It

Author: Stephen King

Rating: ⭐ 5/5

Date Read: 2025/03/20

Pages: 1156


“We all float down here.” - Pennywise

“Alright, already, we’ll all float on, alright
Don’t worry even if things end up a bit too heavy
We’ll all float on, alright.” - Modest Mouse

The threshold between childhood and adulthood feels murky while you’re crossing it. As an adult, it’s hard to remember the last time you turned off the lights downstairs, then ran up the stairs as fast as you could to keep the darkness from chasing you. But there was a last time, wasn’t there?

IT is not a story about an evil clown. While it is a masterwork of eldritch horror, the genre is simply a means to an end. No, IT is at once a Bildungsroman that captures the transition away from childhood, and an examination of the effect of childhood trauma. IT is an ouroboros of a story, which is why it’s going to take me awhile to wrap my head around it.

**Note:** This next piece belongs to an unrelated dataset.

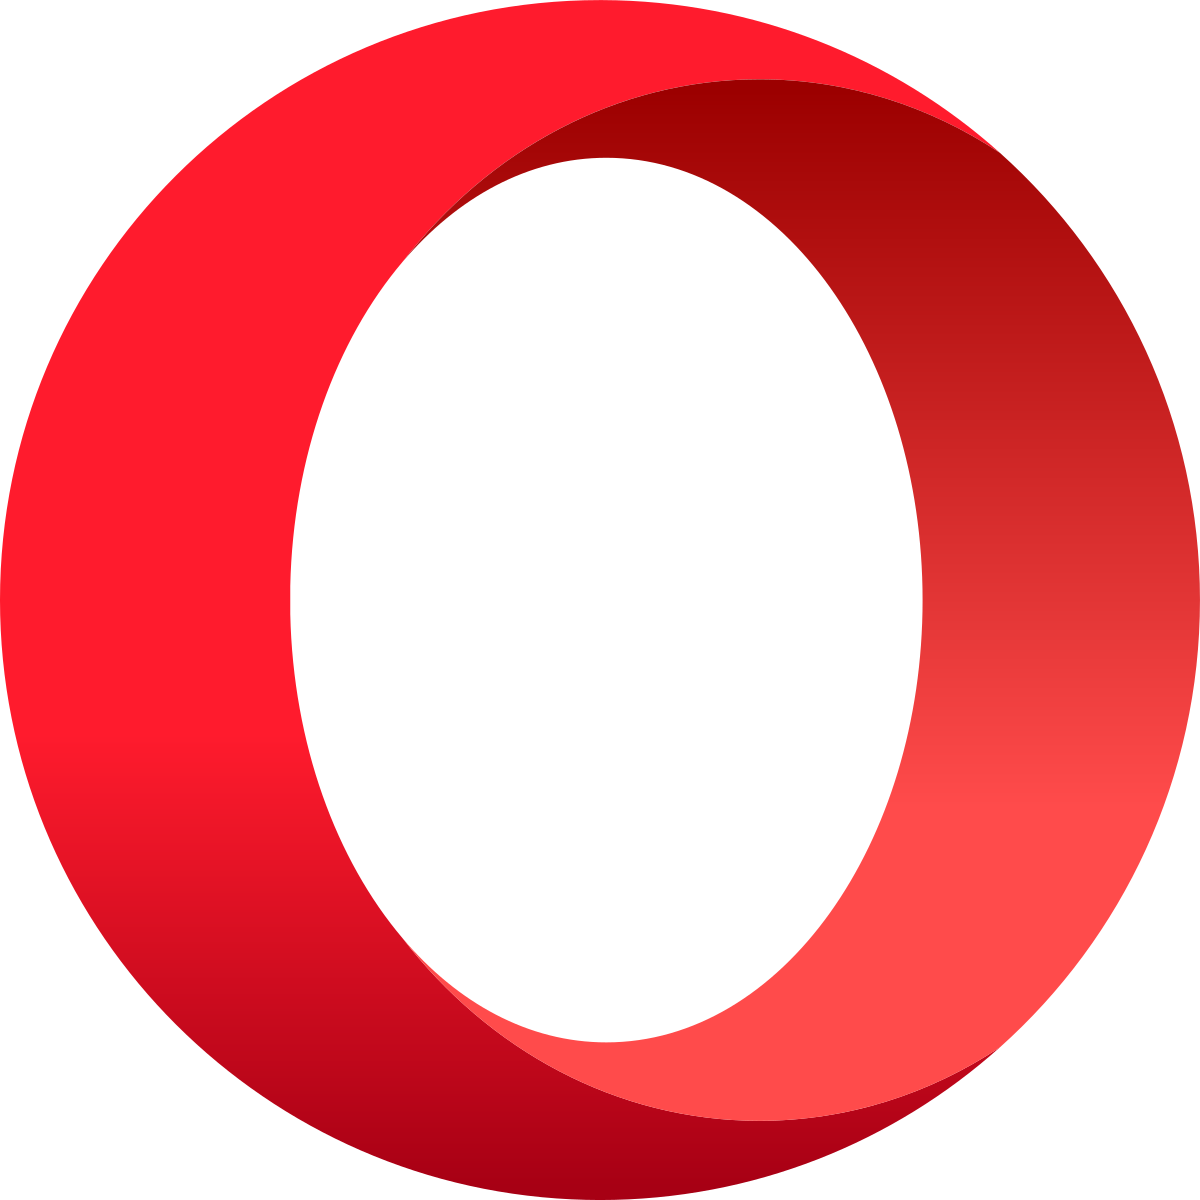 opera mini browser for mac os x

One idea from IT that fascinates me is how adults forget the things that seemed important to them as children. I’ve experienced the existential crisis of looking through old yearbooks and not recognizing the people I posed with in candid shots. Classmates signed the pages with references to inside jokes that I don’t remember. Facing the fallibility of remembrance is terrifying. That’s part of what makes IT universally scary.